JAKARTA | DN – Sejak berdirinya Lembaga Manajemen Kolektif Nasional (LMKN) pada tahun 2015, harapan besar muncul untuk menciptakan sistem pengelolaan royalti musik yang lebih transparan, akuntabel, dan berkeadilan bagi para musisi. Namun, satu dekade berlalu, industri musik Indonesia masih dihadapkan pada berbagai tantangan yang menimbulkan konflik di antara para pemangku kepentingan.
Menurut Heru Nugroho, salah satu individu yang turut membidani lahirnya LMKN, visi awal pembentukan lembaga ini adalah untuk mengakhiri persoalan kompleks dalam distribusi royalti musik. “Spirit awal LMKN adalah menata sistem royalti agar lebih terstruktur dan mampu menyejahterakan musisi. Namun, hingga kini, masih banyak kendala yang harus diselesaikan,” ungkapnya.

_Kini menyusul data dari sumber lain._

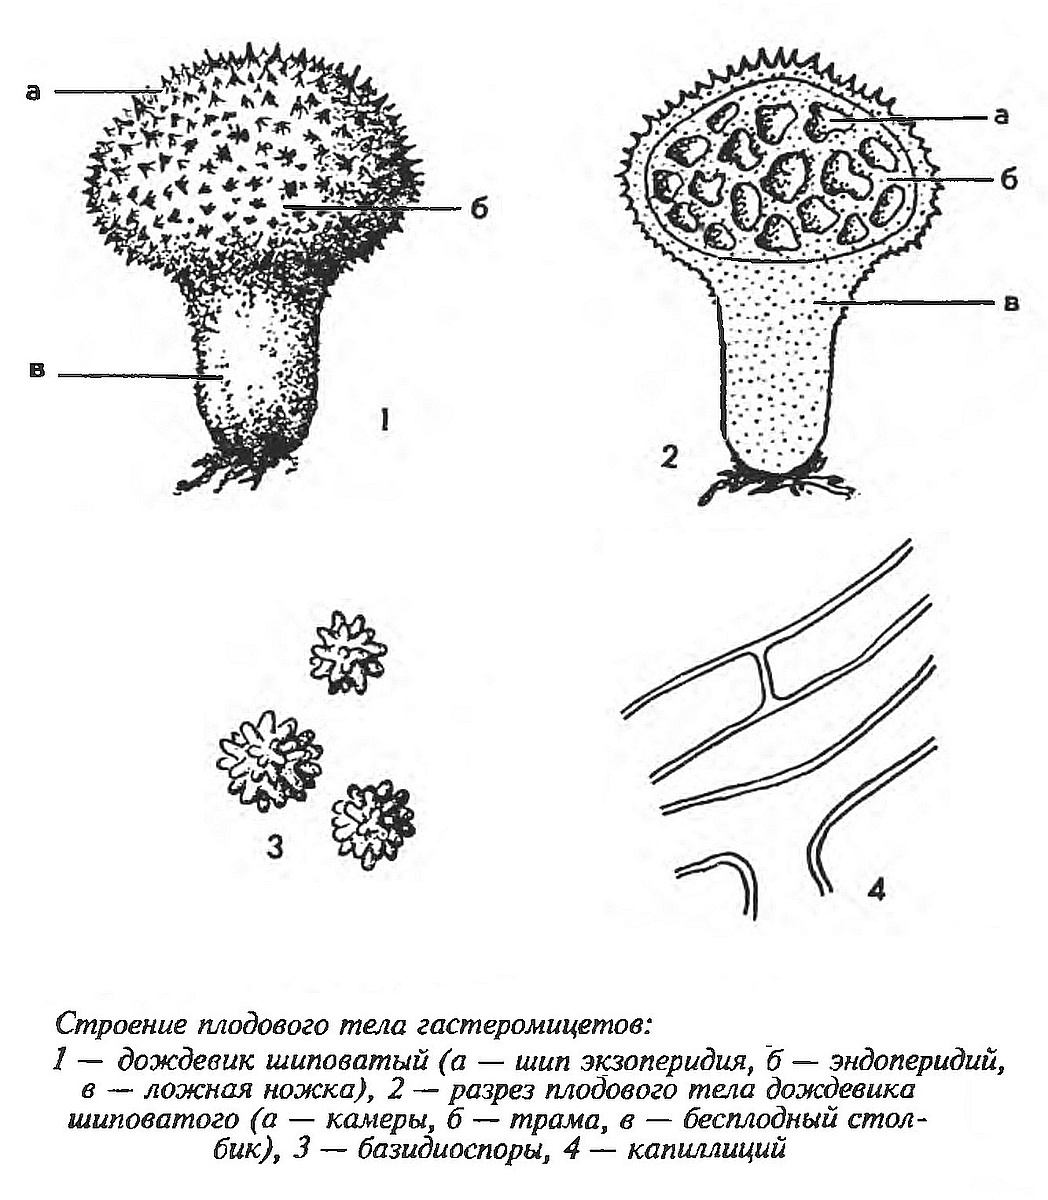 Дождевик шиповатый (Lycoperdon perlatum) 2

Tantangan dan Akar Masalah
Heru mengidentifikasi dua permasalahan utama yang masih membelit industri musik nasional:
- Minimnya Sosialisasi dan Edukasi Meski telah berjalan 10 tahun, masih banyak pencipta dan musisi yang belum memahami hak-hak mereka, alur distribusi royalti, serta cara klaim yang benar. Sosialisasi yang dilakukan oleh LMKN dan Lembaga Manajemen Kolektif (LMK) dinilai belum cukup menjangkau seluruh lapisan musisi di Indonesia.
- Resistensi terhadap Perubahan Industri musik Indonesia telah eksis jauh sebelum Undang-Undang Hak Cipta Nomor 28 Tahun 2014 diterbitkan. Pola dan kebiasaan lama masih kuat mengakar, membuat beberapa pemangku kepentingan kesulitan beradaptasi dengan sistem royalti yang lebih modern dan terintegrasi.
Dampak bagi Industri Musik Nasional
Heru menekankan bahwa konflik berulang ini berdampak negatif pada ekosistem musik nasional. Energi yang seharusnya digunakan untuk berkarya justru tersita dalam perseteruan hukum. “Ketika musisi terus berseteru, bagaimana kita bisa bersaing dengan industri musik asing yang lebih solid dalam pengelolaan royalti?” ujarnya.